Conducting a Market Size Up

Navdeep Gill
investBETA
Published in
13 min readDec 6, 2019

If you’ve been following InvestBeta and reading our articles, you should have a solid grasp on how to model a company. But after learning about operating models to predict future fundamental value and how to analyse current events and news, it’s important that you also consider the qualitative assessment of firms.

This article is all about adopting a marketing lens. Before a new product or startup is launched how can you predict its opportunity of growth? The answer is conducting a market size up.

The information from a market size up allows businesses to create a feasible business plan surrounding their product and gives possible investors an idea of the firm’s growth potential and the value of the venture.

The Situation

Let’s say you find a very recent news story on Bloomberg that Proctor & Gamble, a consumer goods conglomerate, is planning a new product line in Canada. You’d be somewhat interested in the potential value of this venture and consider taking this investment opportunity.
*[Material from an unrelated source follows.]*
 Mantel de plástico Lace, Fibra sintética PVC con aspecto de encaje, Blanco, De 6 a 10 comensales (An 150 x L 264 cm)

Olay, one of P&G’s multibillion-dollar brands, is releasing a new skin cream targeted to Gen-Z females (ages 14–18) in Canada. The product, which will sell for $20, is naturally derived, organic, scent-free, is produced sustainably, and has recyclable packaging. In order to assess the viability of this market and see whether this project is a worthwhile investment that will sustain a strong revenue stream, Olay will conduct a market size up. As an analyst, you will also look into a market size up to research the potential value of this plan and what it means for P&G as a company.
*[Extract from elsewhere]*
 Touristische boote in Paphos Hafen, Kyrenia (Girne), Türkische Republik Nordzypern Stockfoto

The steps for doing this follow in this order:

  1. Define the market segment
  2. Market sizing using top-down, bottom-up, and value theory methods
  3. Market analysis (Porter’s Five Forces)

Segmenting the Market

What exactly is the market? Before we go anywhere else, we need to have a concrete definition of who is buying this product. After all, a market size is the amount of potential buyers of a product or service.

Market segmentation is the process of dividing a market of potential customers into groups, or segments, based on different characteristics. The characteristics by which we can segment the market are geographic, demographic, psychographic, and behavioural.
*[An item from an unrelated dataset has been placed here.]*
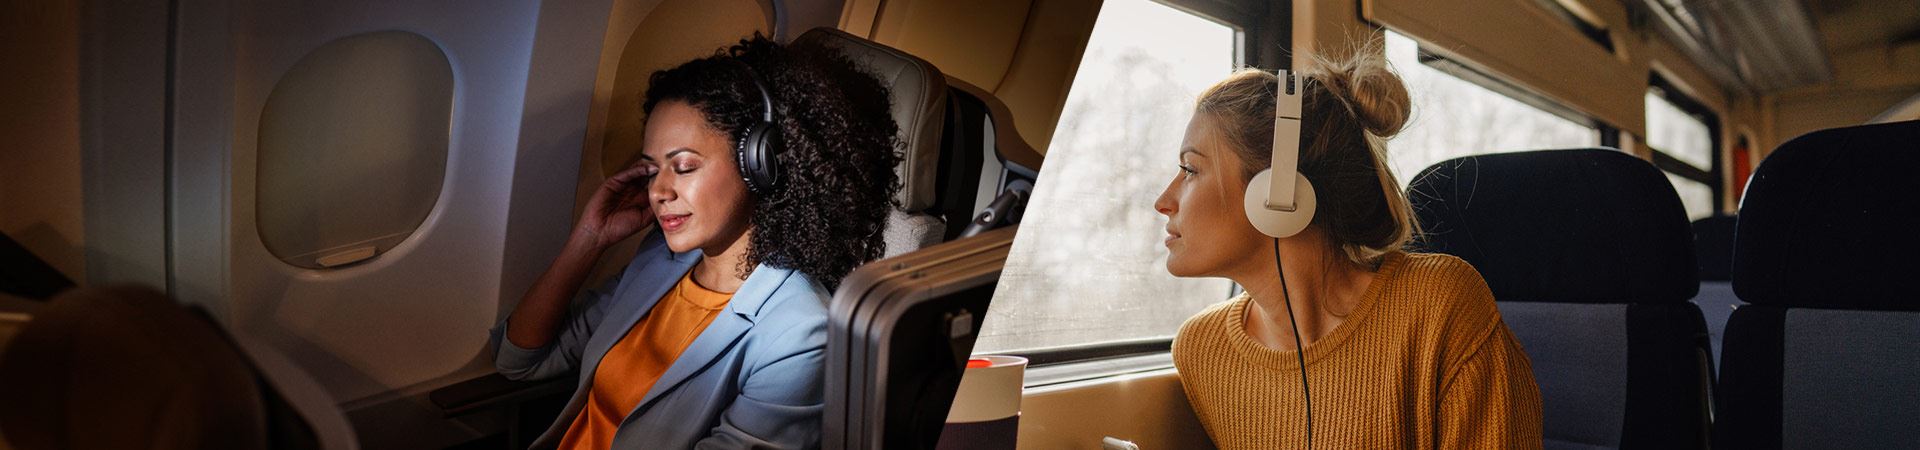 À gauche, une photographie d’une femme assise confortablement à l’intérieur d’un avion. À droite, une photographie d'une autre femme assise à l'intérieur d'un train, regardant par la fenêtre.  Les deux utilisent des écouteurs. L’atmosphère dans l’avion et dans le train est calme, sans personne visible.

Demographic segmentation deals with variables like age, gender, family size, income, occupation, race, religion, nationality, etc. From before, we already know that this product will target females aged 14–18. You can think about each of these variables objectively and in more depth, like how much disposable income this group has to spend on skin cream.

Psychographic segmentation is broken down into social class, lifestyle, or personality. Olay could conceptualize this by developing customer profiles. Customer profiles firmly define a potential customer’s preferences, lifestyle, motivations, and key attributes. For example, your product could target Gen-Z females that are vegan and/or value an eco-friendly lifestyle.

After going through this process, you should have a target market. The marketing team behind this product should know its niche market segments, but should also keep a very general target market in mind for the purposes of market sizing.

Market Sizing

If marketing has one goal, it’s to reach consumers at the moments that most influence their decisions. The main model for these “moments” is the customer decision journey. In this journey, the customer transitions through the total set, awareness set, consideration set, makes a decision, and finalizes it through a purchase.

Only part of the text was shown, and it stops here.